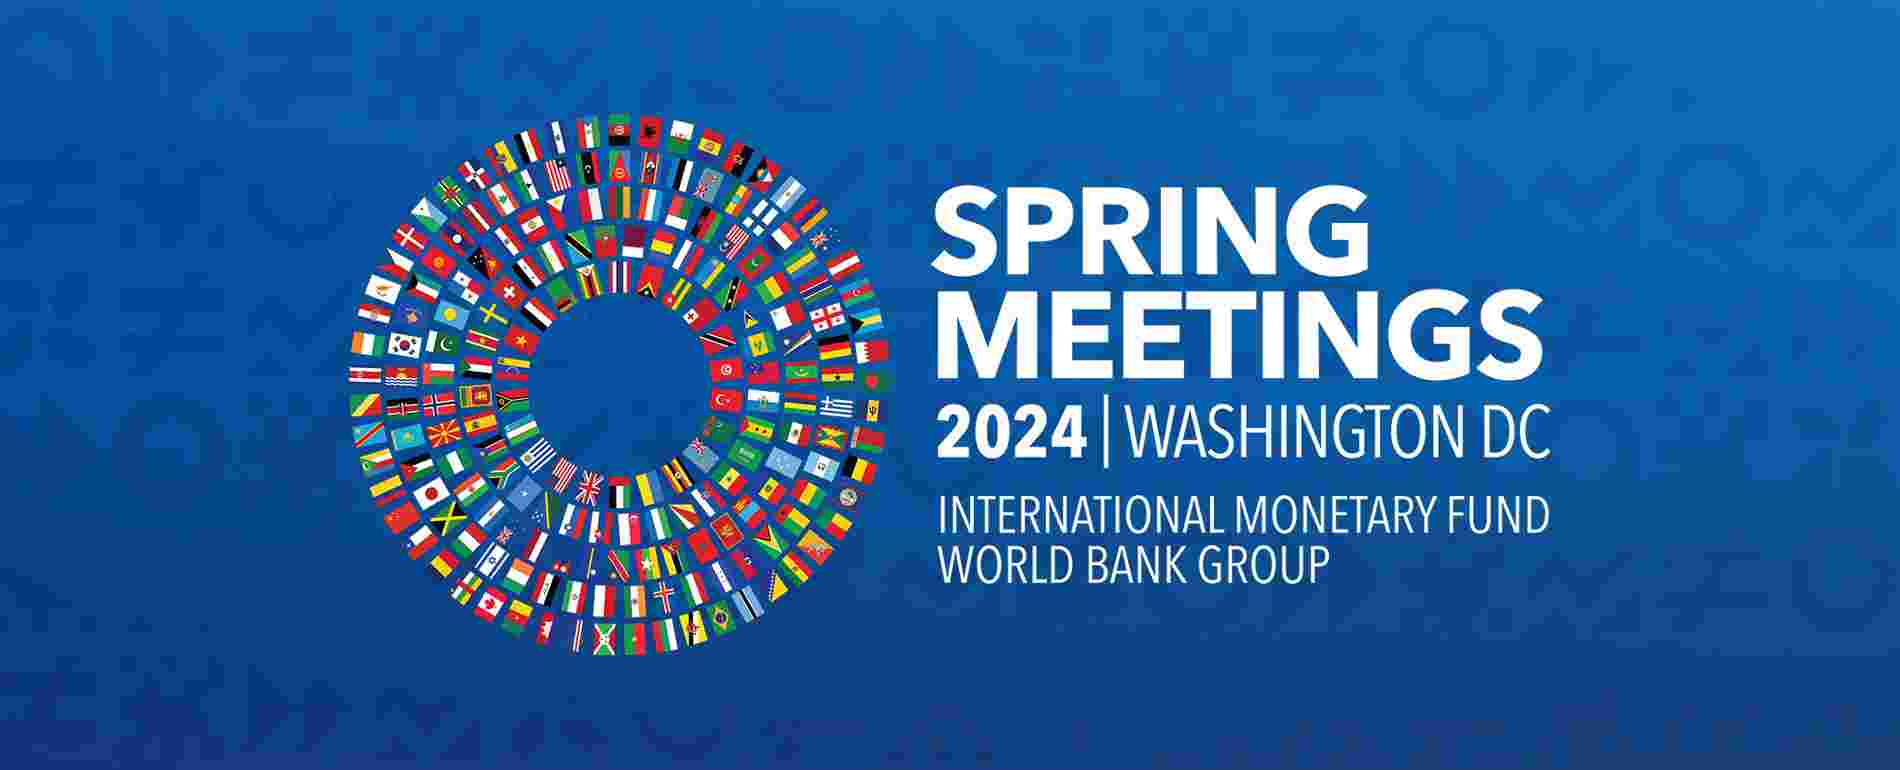 ნათია თურნავა საერთაშორისო სავალუტო ფონდისა და მსოფლიო ბანკის საგაზაფხულო შეხვედრებში მიიღებს მონაწილეობას
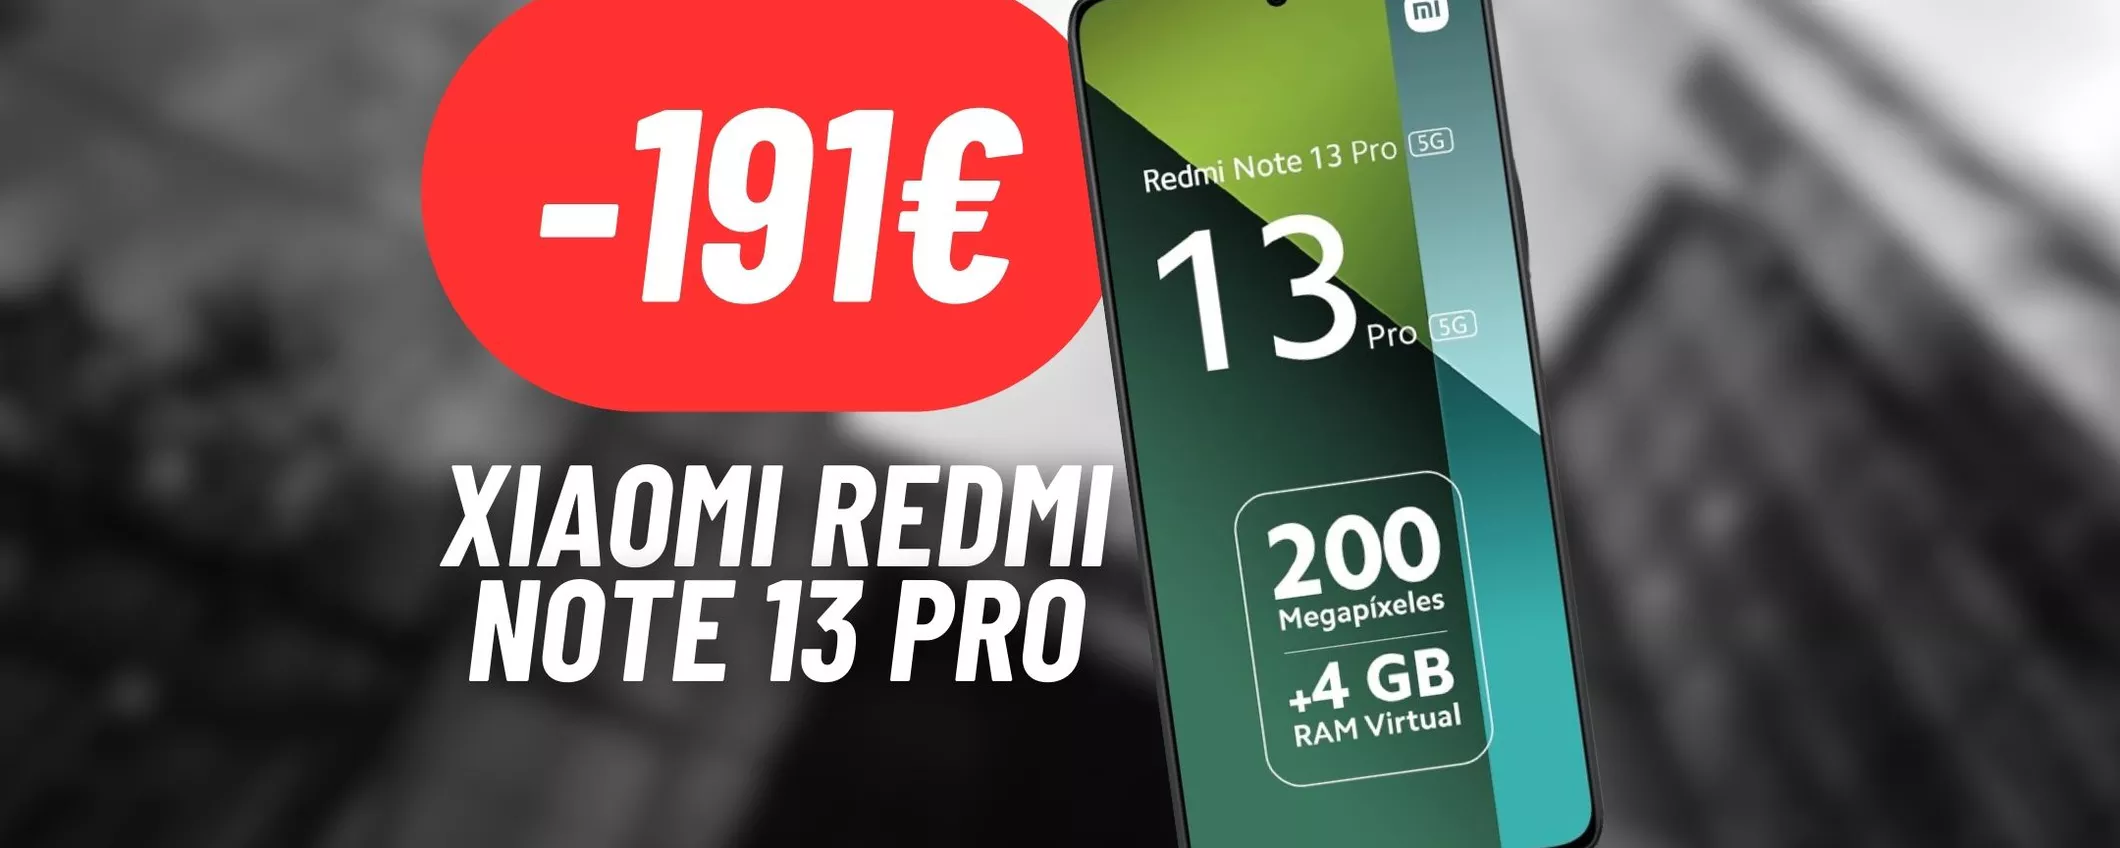 DOPPIA PROMOZIONE sullo Xiaomi Redmi Note 13 Pro su eBay: SCONTO TOTALE DI 191€
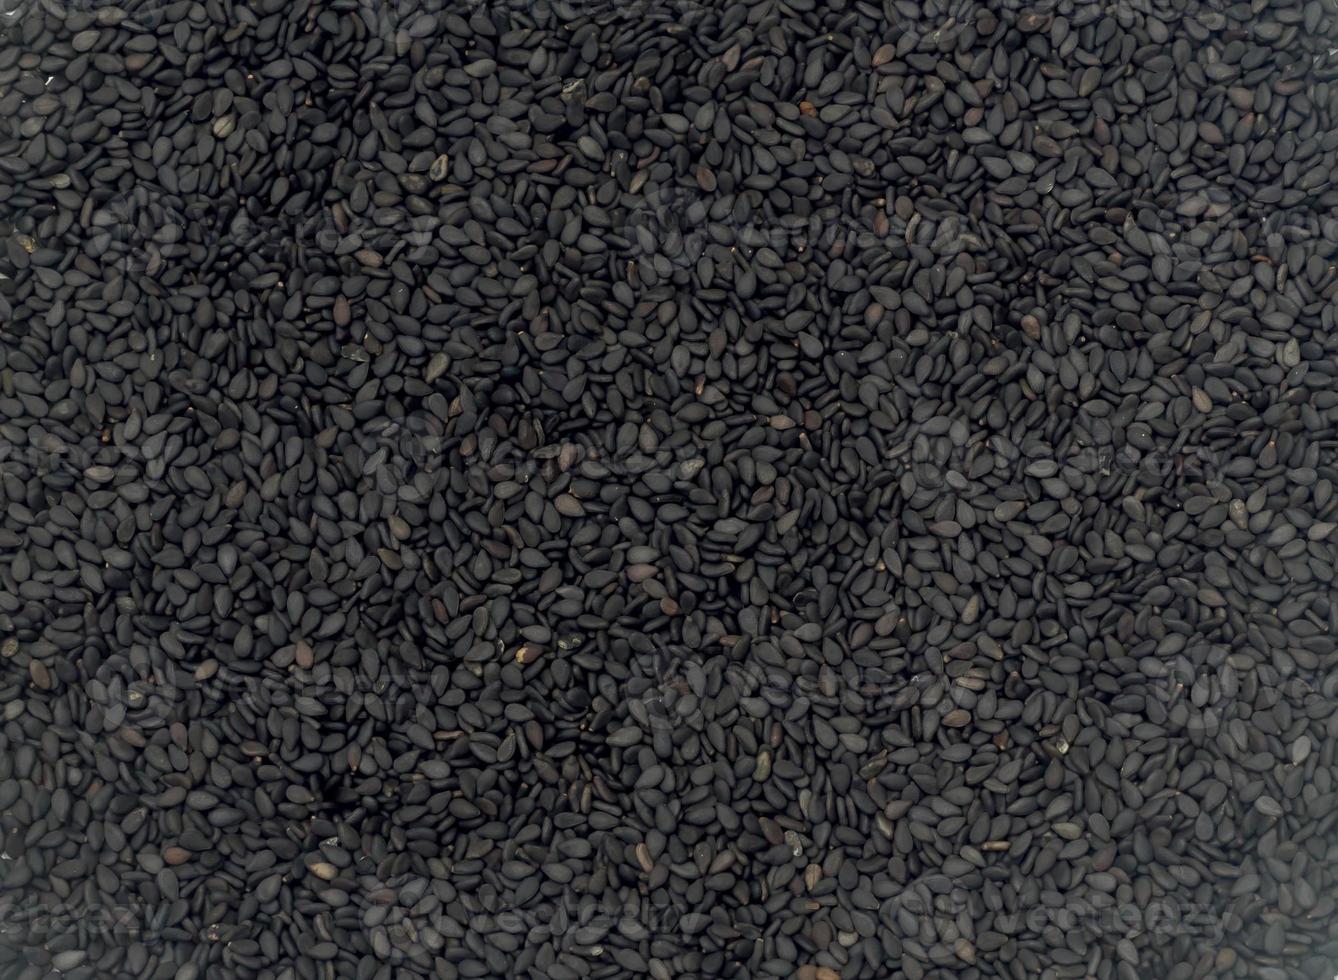 graines de sésame noires ou foncées ou tuiles utilisées pour la texture de fond des plantes, graines de plantes nutritives à extraire dans l'huile de cuisson photo
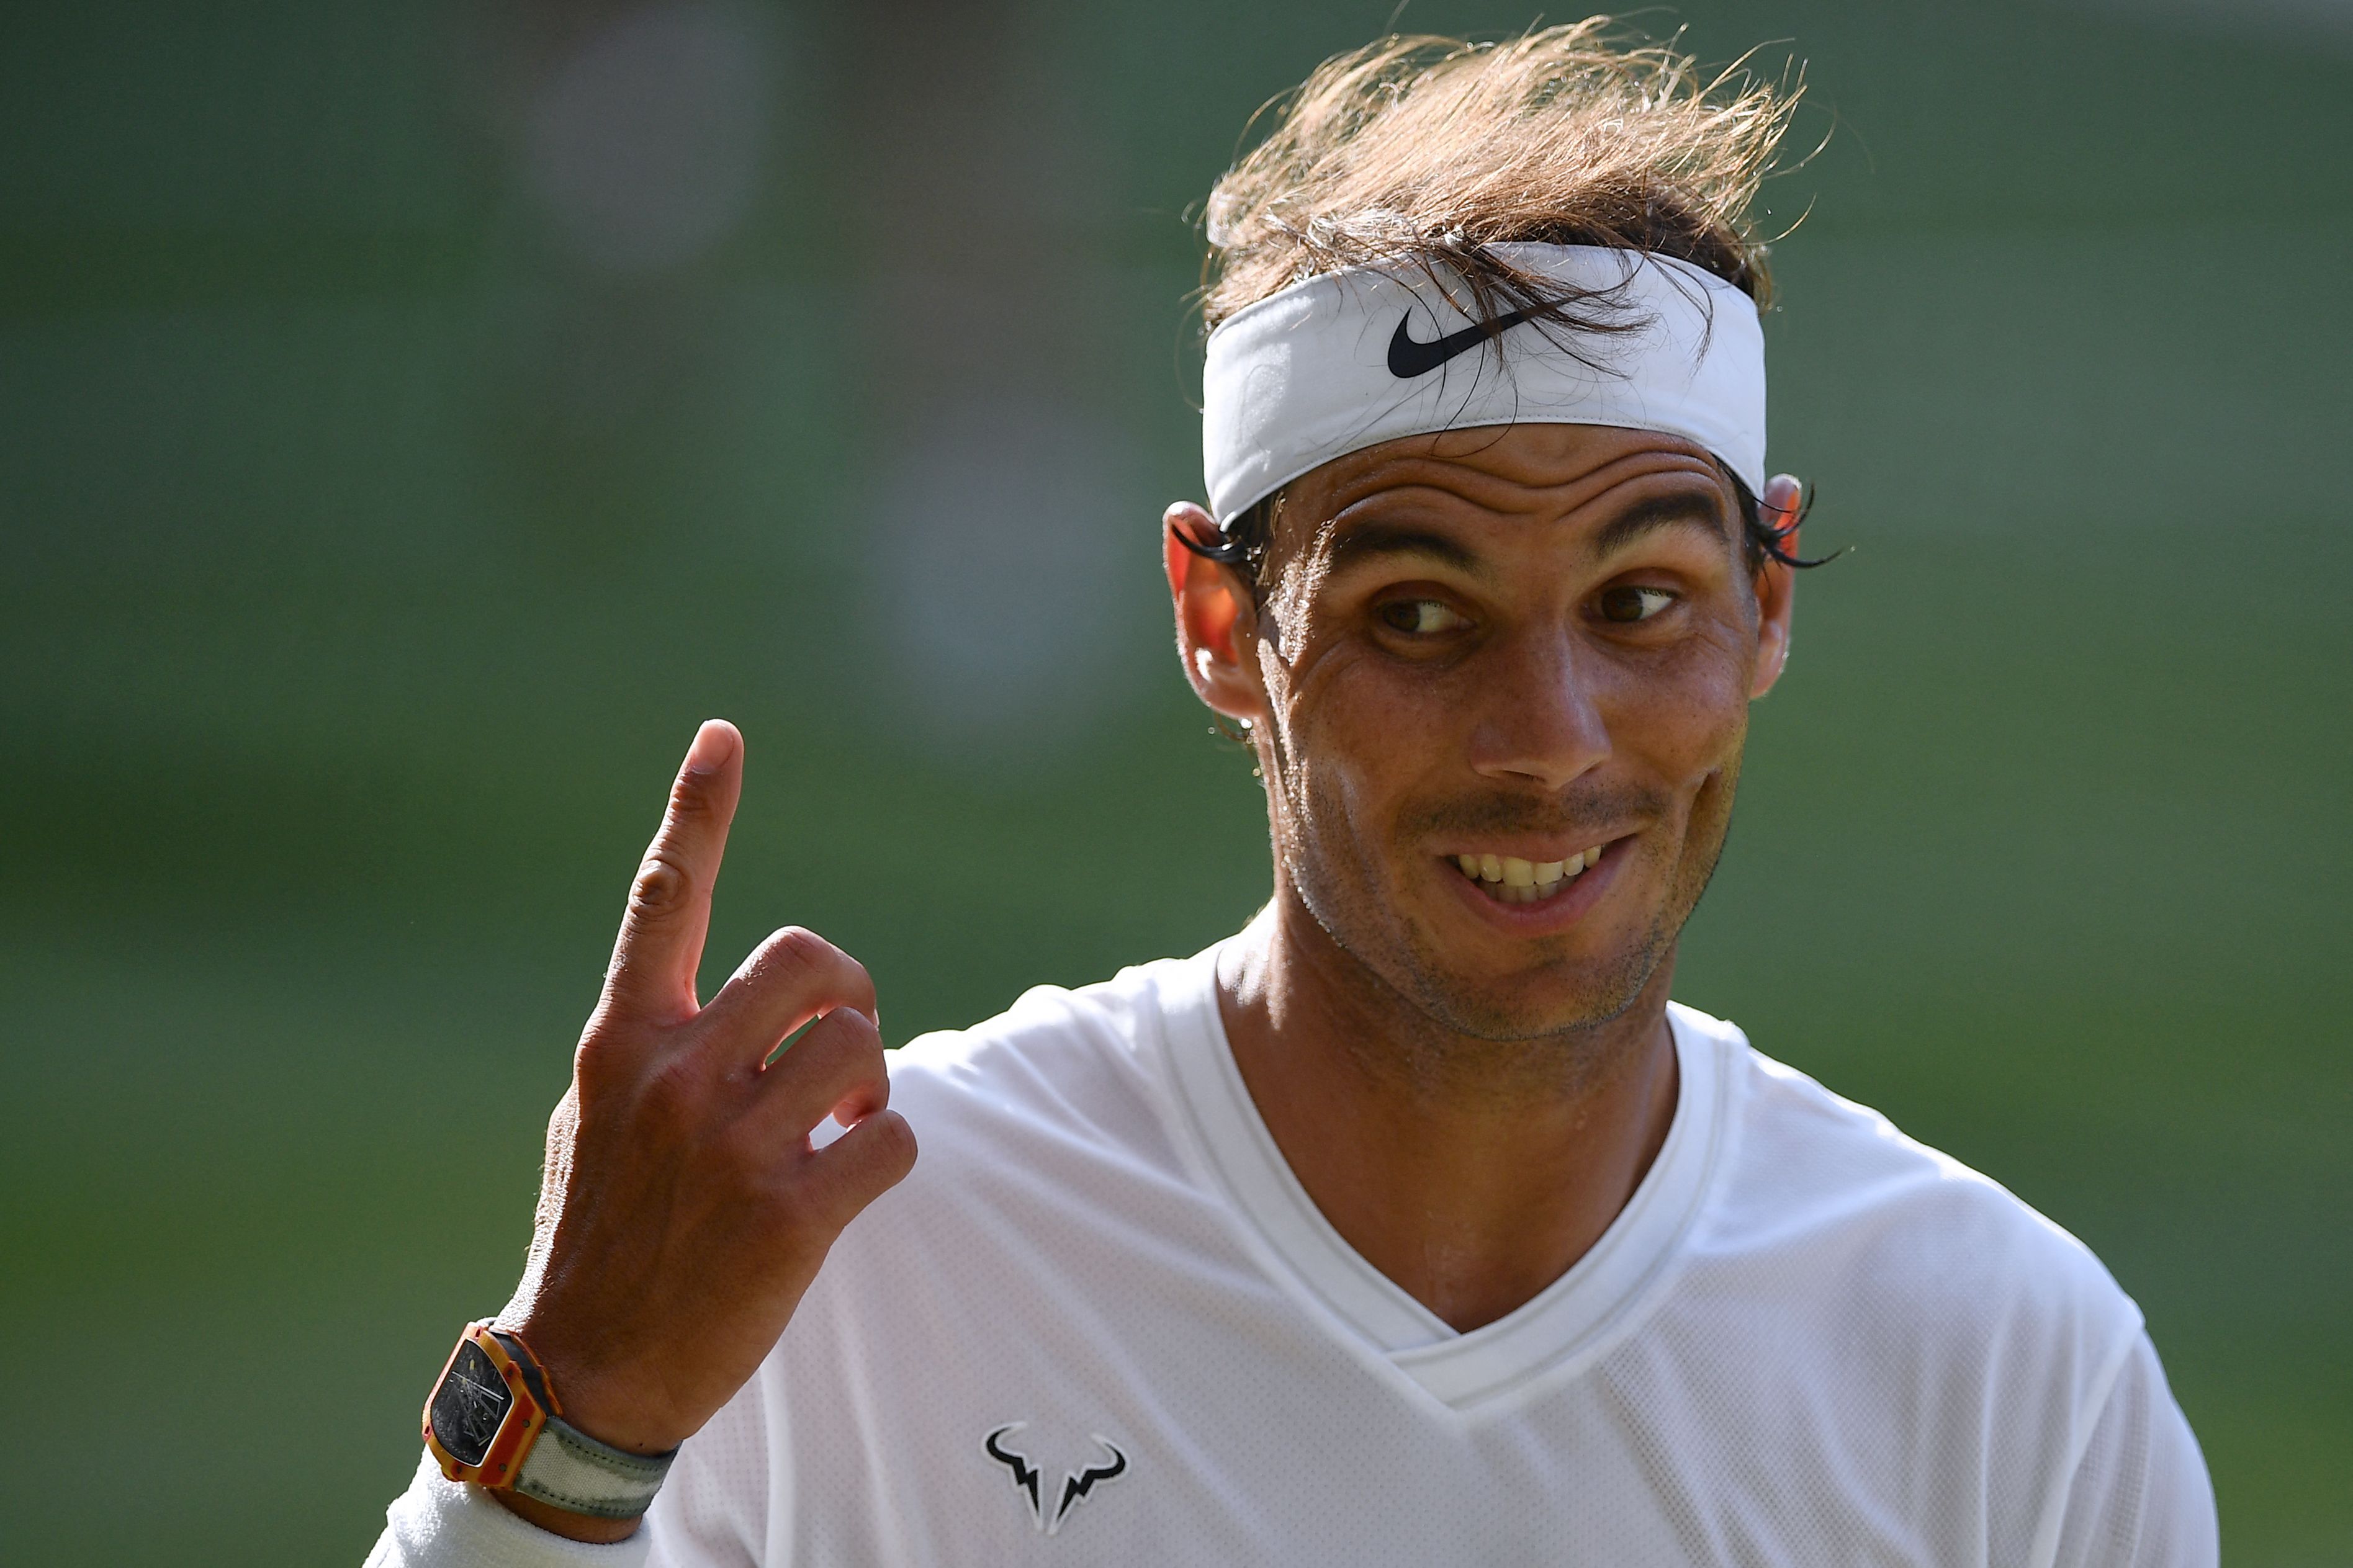 El tenista español no jugará Wimbledon, según confirmó este jueves 17 de junio. (Foto Prensa Libre: AFP).

WORK REQUIRED »
Please restate the data word for word, leaving out any picture it holds.

TASK ANSWER »
 ნათია თურნავა საერთაშორისო სავალუტო ფონდისა და მსოფლიო ბანკის საგაზაფხულო შეხვედრებში მიიღებს მონაწილეობას
 DOPPIA PROMOZIONE sullo Xiaomi Redmi Note 13 Pro su eBay: SCONTO TOTALE DI 191€
 graines de sésame noires ou foncées ou tuiles utilisées pour la texture de fond des plantes, graines de plantes nutritives à extraire dans l'huile de cuisson photo
 El tenista español no jugará Wimbledon, según confirmó este jueves 17 de junio. (Foto Prensa Libre: AFP).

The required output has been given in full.